As a data subject under the GDPR, you have the right to:

• Request access to personal data we hold about you.
• Request correction of inaccurate or incomplete personal data.
• Request erasure of personal data (often called the “right to be forgotten”) in situations where continued processing is no longer necessary.
• Restrict or object to certain types of processing, including profiling or automated decision making.
• Request data portability, allowing you to obtain a copy of your personal data in a structured, commonly used, machine-readable format.
• Withdraw consent for processing at any time without affecting the lawfulness of processing carried out before the withdrawal.

We honor these rights within the timelines specified by the GDPR. Verification steps may be required to protect your data from unauthorized access.

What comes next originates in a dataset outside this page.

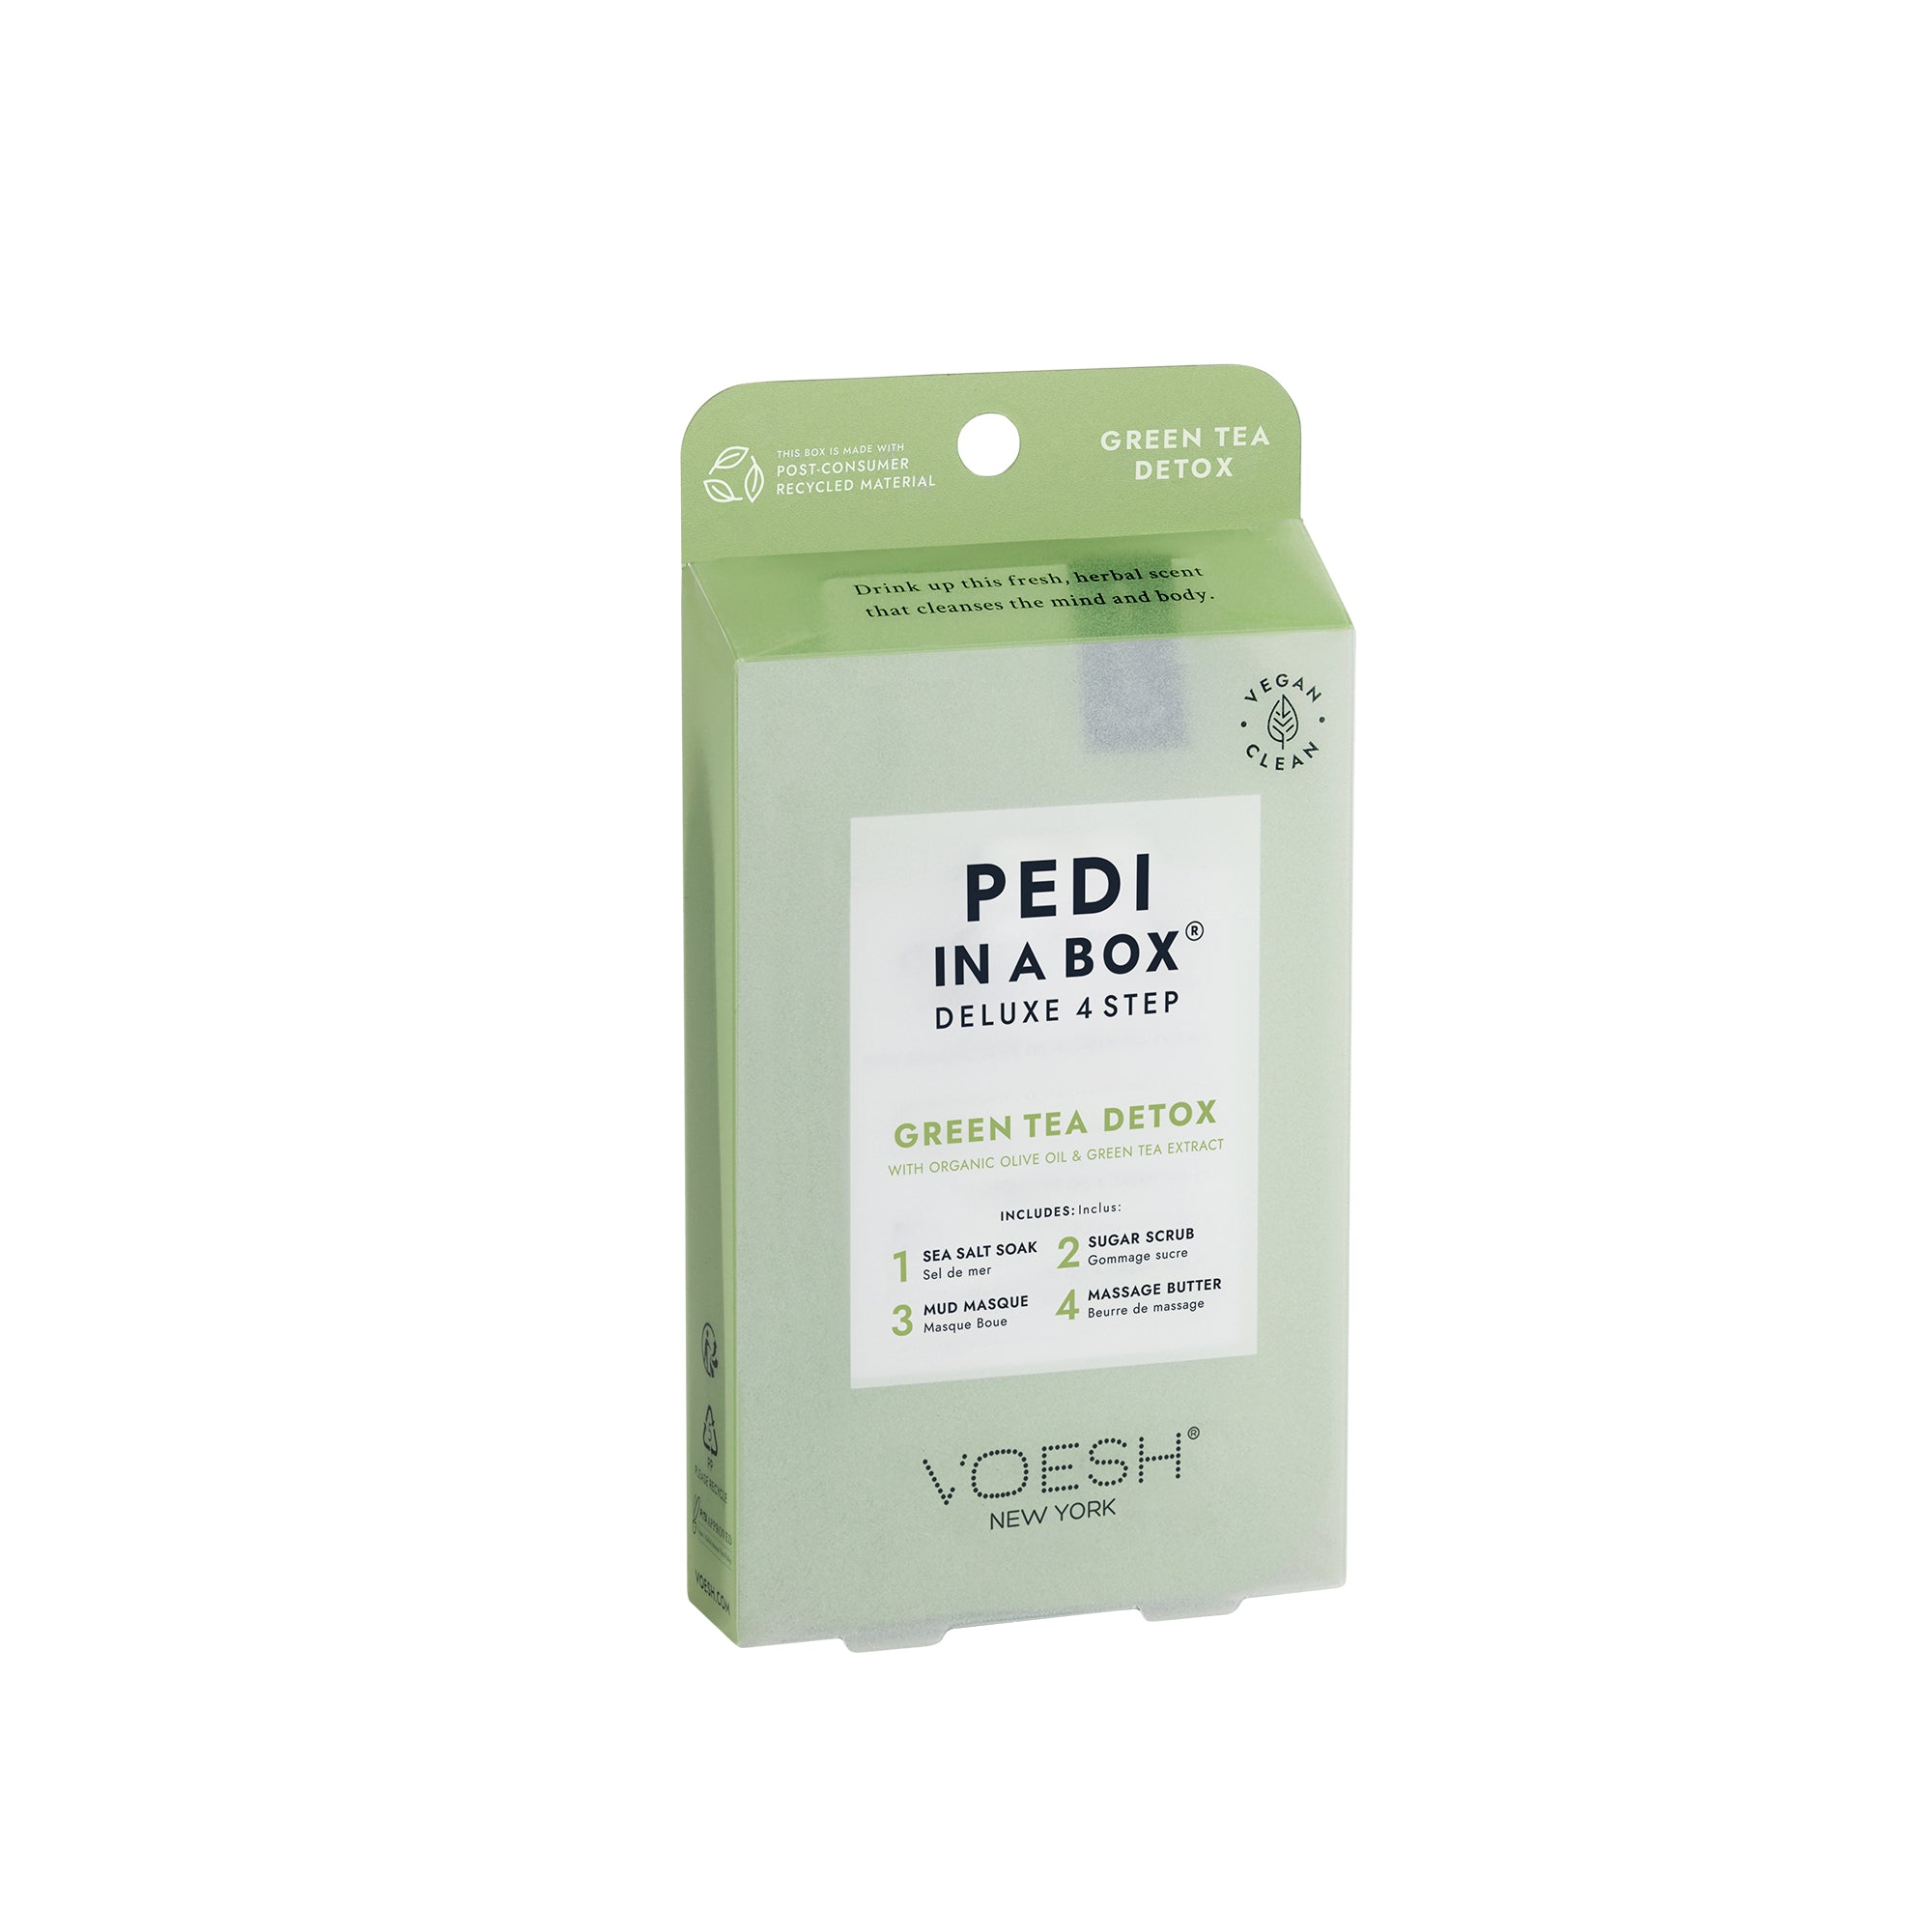 Voesh Deluxe 4 Step Pedi-in-a-Box Green Tea Detox Success

Data retention and deletion

We retain user-provided data only for as long as necessary to achieve the purposes described in this policy or to satisfy legal requirements. When data ceases to be relevant, we delete it or apply irreversible anonymization. Retention periods may vary depending on factors such as pending support requests, ongoing investigations, or statutory obligations.

Security practices

We implement technical and organizational measures to protect personal data against accidental or unlawful destruction, loss, alteration, unauthorized disclosure, or access. These safeguards include access controls, encryption-in-transit, environment hardening, periodic security reviews, and staff training on data protection responsibilities. While no system can be guaranteed to be 100% secure, we actively monitor and improve our defenses to align with industry best practices.

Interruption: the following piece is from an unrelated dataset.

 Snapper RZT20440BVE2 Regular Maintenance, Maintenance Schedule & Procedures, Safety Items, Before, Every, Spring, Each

International data transfers

WhoDoYouLookLike operates from multiple regions and may host infrastructure in jurisdictions outside your home country. Whenever personal data leaves the European Economic Area, we ensure that an appropriate transfer mechanism is in place (for example, Standard Contractual Clauses or equivalent safeguards) to maintain GDPR-level protection.

Use for service improvement

As part of our legitimate interests and your continued use of the service, user-provided data — including photographs, metadata, and fingerprint signals — may be reviewed, analyzed, or aggregated to enhance the quality, accuracy, and reliability of the site. This includes experimenting with new matching heuristics, refining performance, or training systems that reduce bias. Any such use adheres strictly to GDPR requirements, and we avoid any public disclosure of identifiable personal data without explicit permission.

Third-party access

We do not sell personal data. Limited, role-based access may be granted to trusted service providers who help us operate the platform (for example, cloud hosting or analytics providers). These partners are bound by contractual obligations to handle information securely and in compliance with GDPR.

Children’s data

The service is not intended for use by individuals under the age of 16. If we learn that we have inadvertently collected personal data from someone under this age without verifiable parental consent, we will take steps to delete that information promptly.

Policy updates

We may revise this Privacy Policy to reflect changes to our practices, regulatory requirements, or product roadmap. Significant updates will be communicated through the service. Continued use after a revision indicates acknowledgment of the updated terms.

Questions

If you have questions about this Privacy Policy, your data rights, or our privacy practices, please use the in-app support channels or the contact instructions provided through the WhoDoYouLookLike interface.

By continuing to use WhoDoYouLookLike, you acknowledge that you have read, understood, and agree to the practices described in this Privacy Policy.